Msgcnt 2 vxfs: mesg 001: vx_nospace-/ dev/vg00/lvol8 file system full (1 block extent) I take O error 47185pm 0 records in47184+1 records outreal 11.7user 0.0sys 0.8

However, the IO test of EMC storage has not been completed for more than 30 minutes to write 800m data.

Rx6600-2: [/] # time dd if=/dev/zero of=/sx_data/test bs=8k count=100000711856+0 records in711855+0 records outreal 30:58.4user 0.5sys 13.0

This is obviously a problem with the storage. Later, we learned that the manager found that a disk in the storage was damaged at 10:00 in the morning. The raid 5 made by the storage had a hot spare. And there are hundreds of gigabytes of data for storage-level synchronization. As soon as there is a time for performance problems.

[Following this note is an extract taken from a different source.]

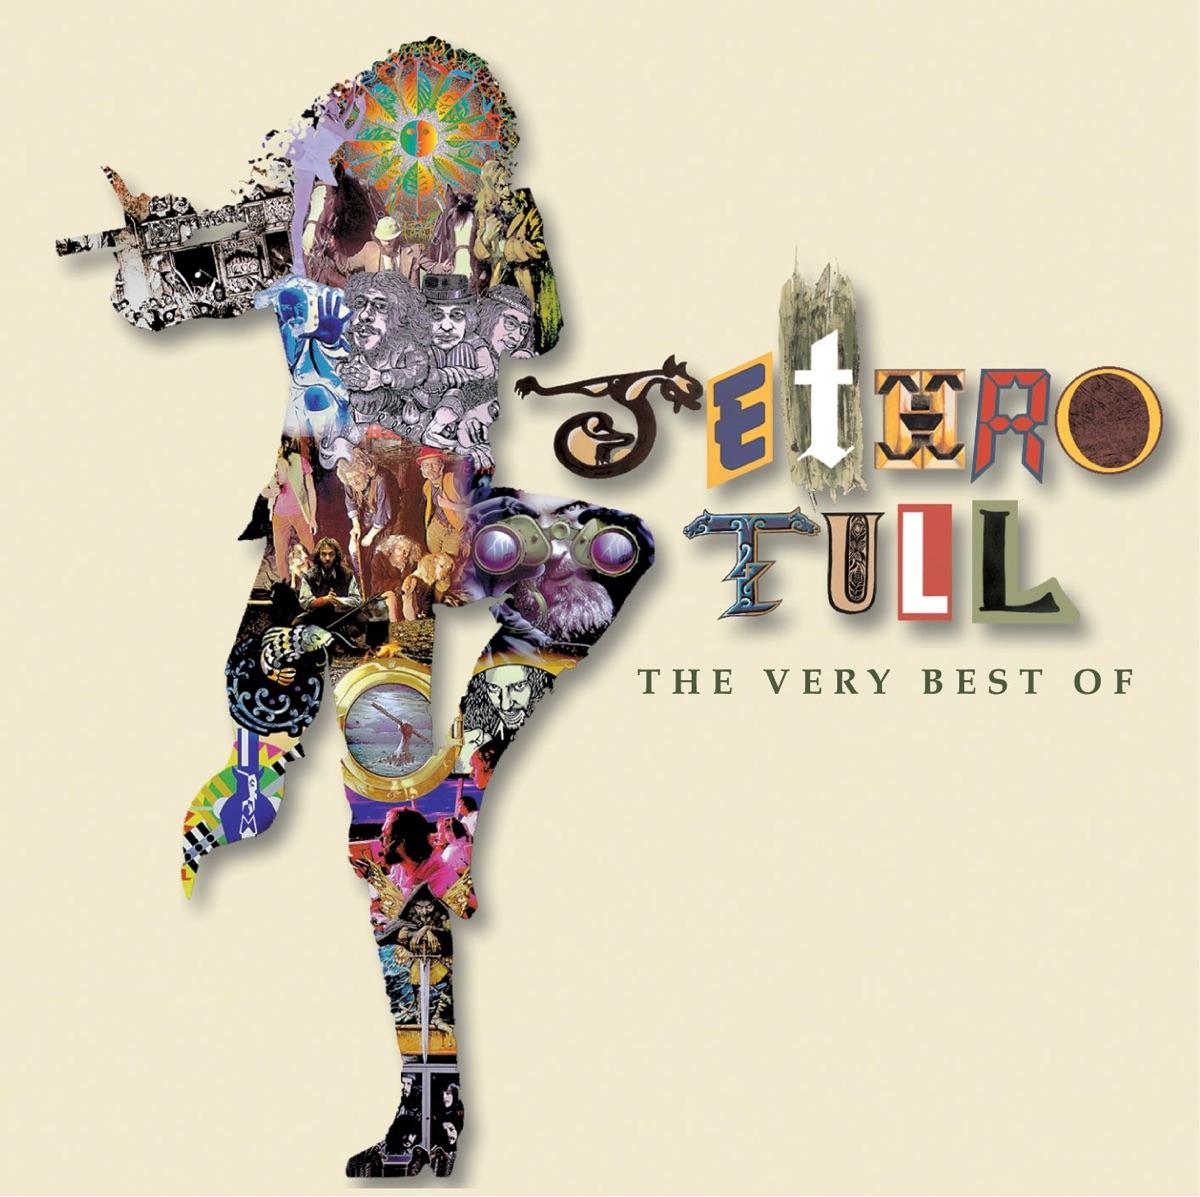 The Very Best of Jethro Tull Album Cover by Jethro Tull

When the cause of the problem is found, it will be easy to solve. Fortunately, the problem was solved, and the next day a big leader came to check or else. Ha ha

Welcome to subscribe "Shulou Technology Information " to get latest news, interesting things and hot topics in the IT industry, and controls the hottest and latest Internet news, technology news and IT industry trends.

*The comments in the above article only represent the author's personal views and do not represent the views and positions of this website. If you have more insights, please feel free to contribute and share.